Alice Gerrard

Bluegrass, Old Time

Alice Gerrard is one of the most important old-time and bluegrass musicians performing today. She is a prolific songwriter and a keeper of traditional tunes in her adopted home in the Piedmont of North Carolina. She learned her craft directly from friends and mentors that include Elizabeth Cotten, Tommy Jarrell, Fred Cockerham, Luther Davis and Doc Boggs.

Alice began her performing career in the 1960s as one half of the duo Hazel and Alice. She and Hazel Dickens were hugely influential and broke new ground for women in bluegrass and old time music.
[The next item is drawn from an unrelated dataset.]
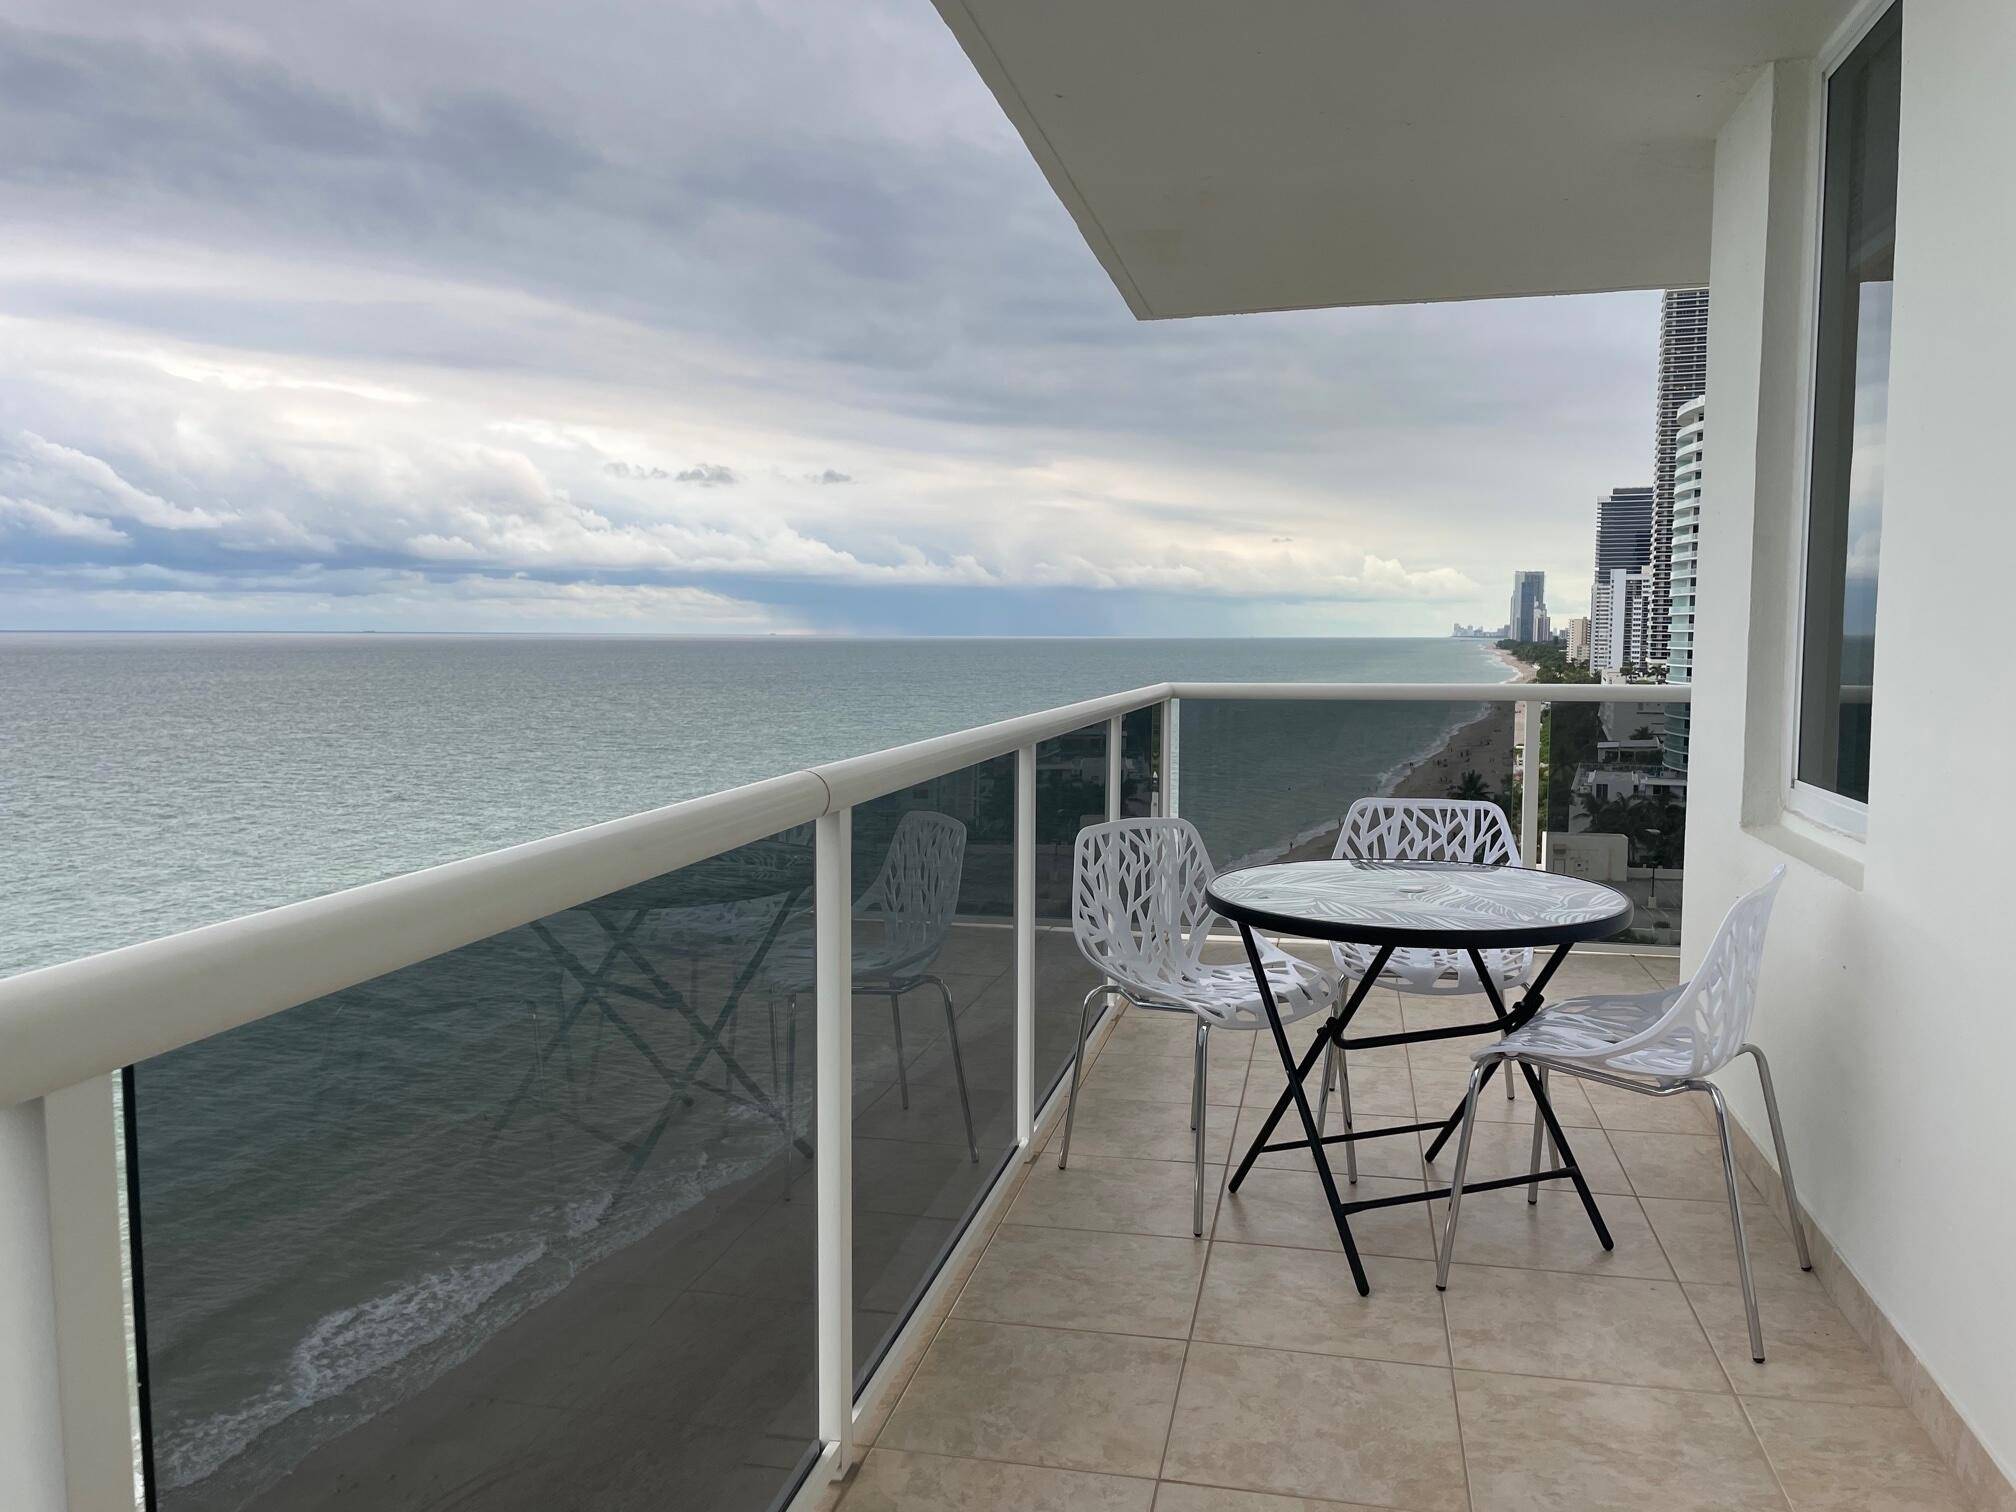 Gorgeous 2 bedroom 2 bath apartment fully furnished located in a prime oceanfront location.

Country singer Naomi Judd once said of the duo, “The Judds owe Hazel and Alice a sincere thank you not only for showing us how to take our first musical step, but for helping preserve old-time music.”
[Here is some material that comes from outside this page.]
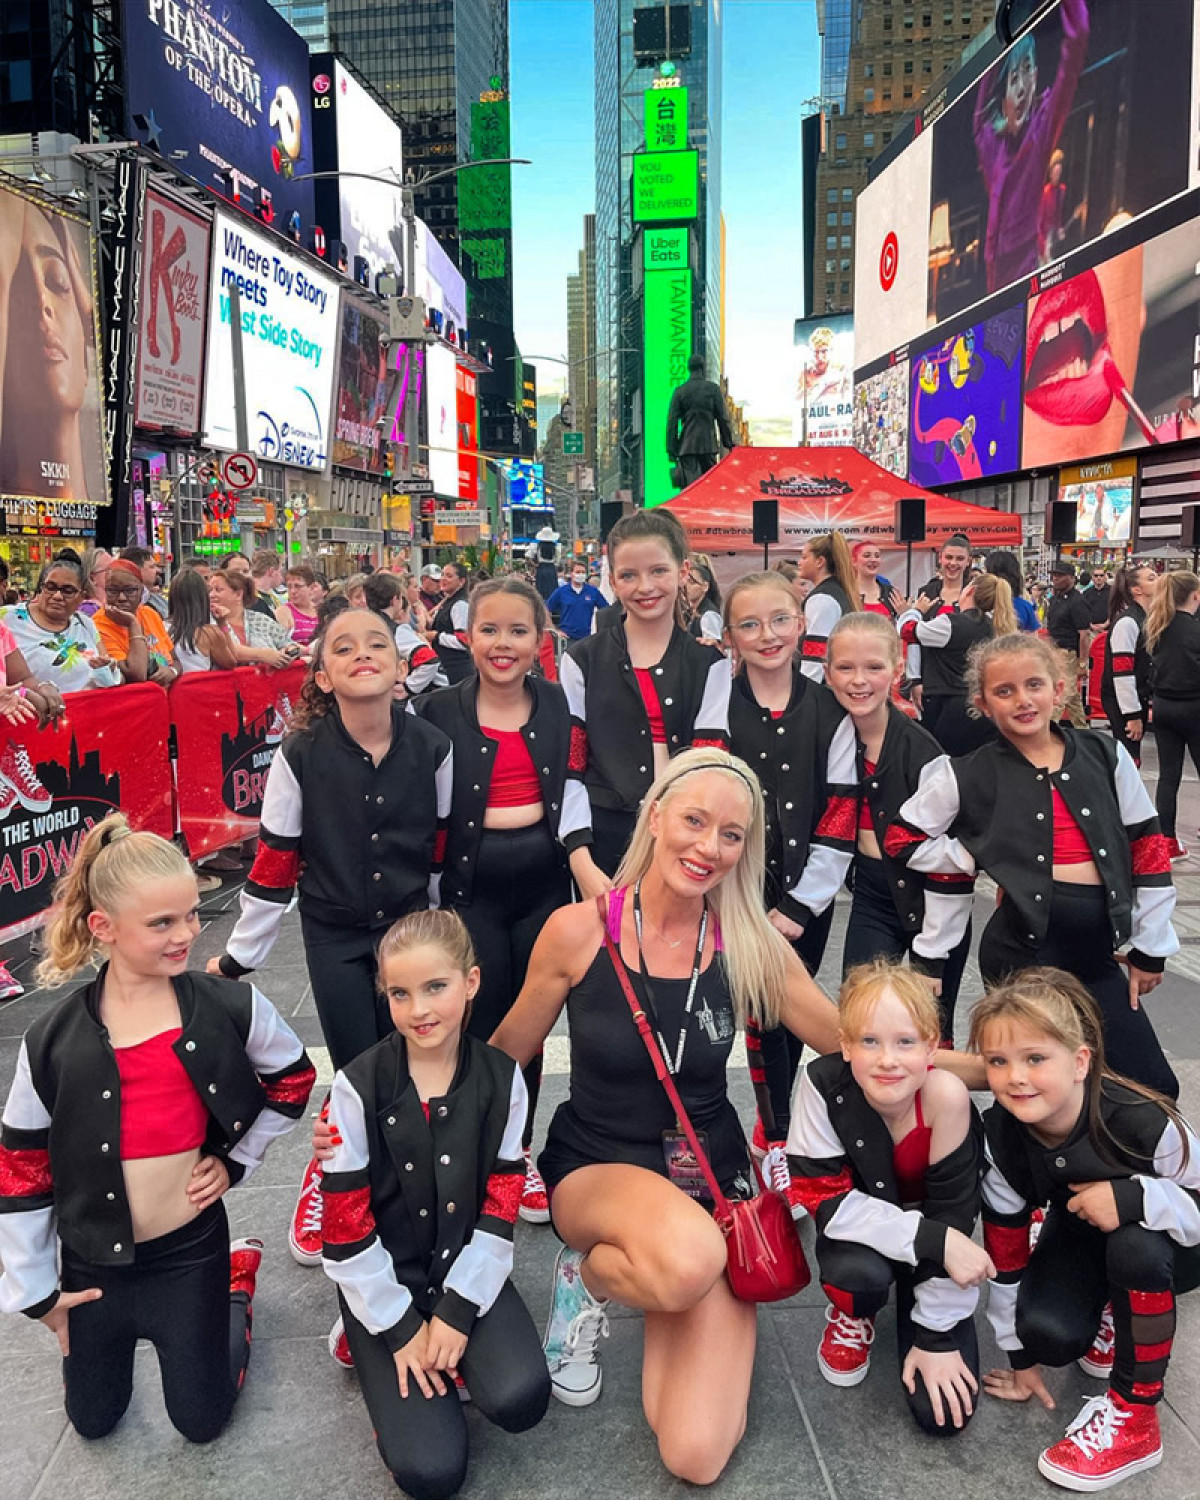 Dance troupe in Times Square New York

Hazel and Alice were inducted into the Bluegrass Music Hall of Fame in a 2017 ceremony at the IBMA Bluegrass Music Awards Show in Raleigh. Smithsonian/Folkways wrote that the duo “…leave a long legacy of fearless expression that broke down the barriers of the good ol’ boy network in the bluegrass community they helped redefine.”

“Alice is inspiring as hell, one of those people who made the world a better place so those who came up behind her didn’t have to fight so hard,” said Rhiannon Giddens to the NY Times in a 2022 profile of Alice. “She makes me want to keep telling the stories I tell and live the way I want to live.”
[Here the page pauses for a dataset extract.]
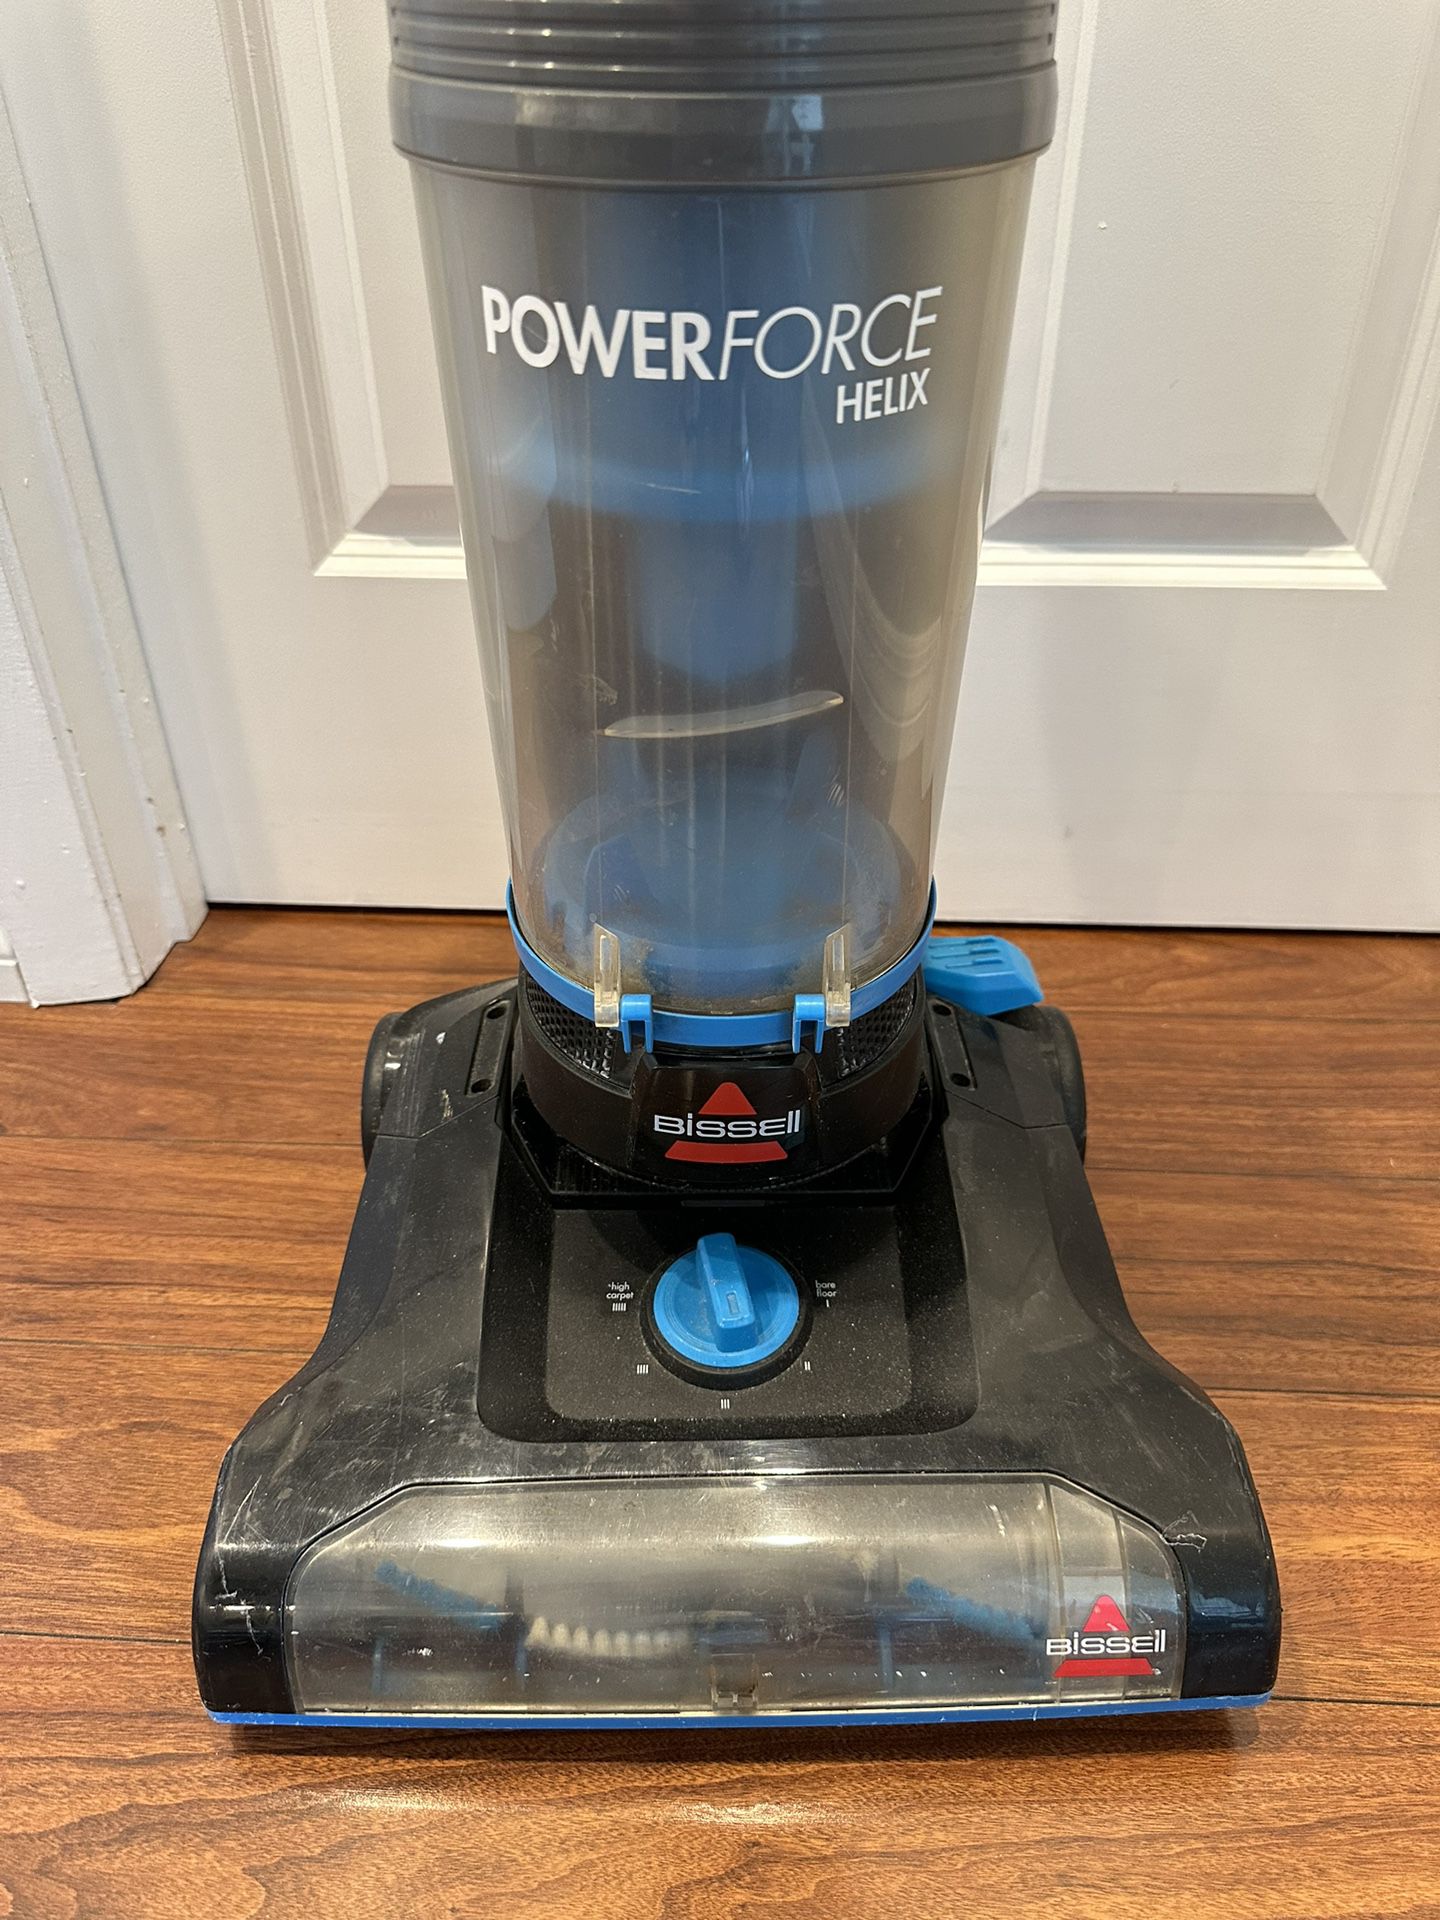 Bissell PowerForce Helix Upright Vacuum Cleaner

Alice has recorded as a solo artist, with Mike Seeger, The Harmony Sisters, Strange Creek Singers and Tom, Brad and Alice. She received a Grammy nomination in 2015 for her record “Follow the Music,” produced by Mike Taylor of Hiss Golden Messenger. In 2022 Rhiannon Giddens used Alice’s song “They’re Calling Me Home” as the title track for her new album.

Alice has performed for PineCone audiences at IBMA’s World of Bluegrass, with her friend Joe Newberry in the Down Home Series and at the NC Museum of History as a part of the Music of the Carolina’s Series.

Alice is the founding editor of the Old Time Herald Magazine. She lives in Durham with her dog Polly. Over the pandemic she taught Polly taught to fetch beer from the refrigerator. Alice told the NY Times she’s currently working on a new album and a memoir.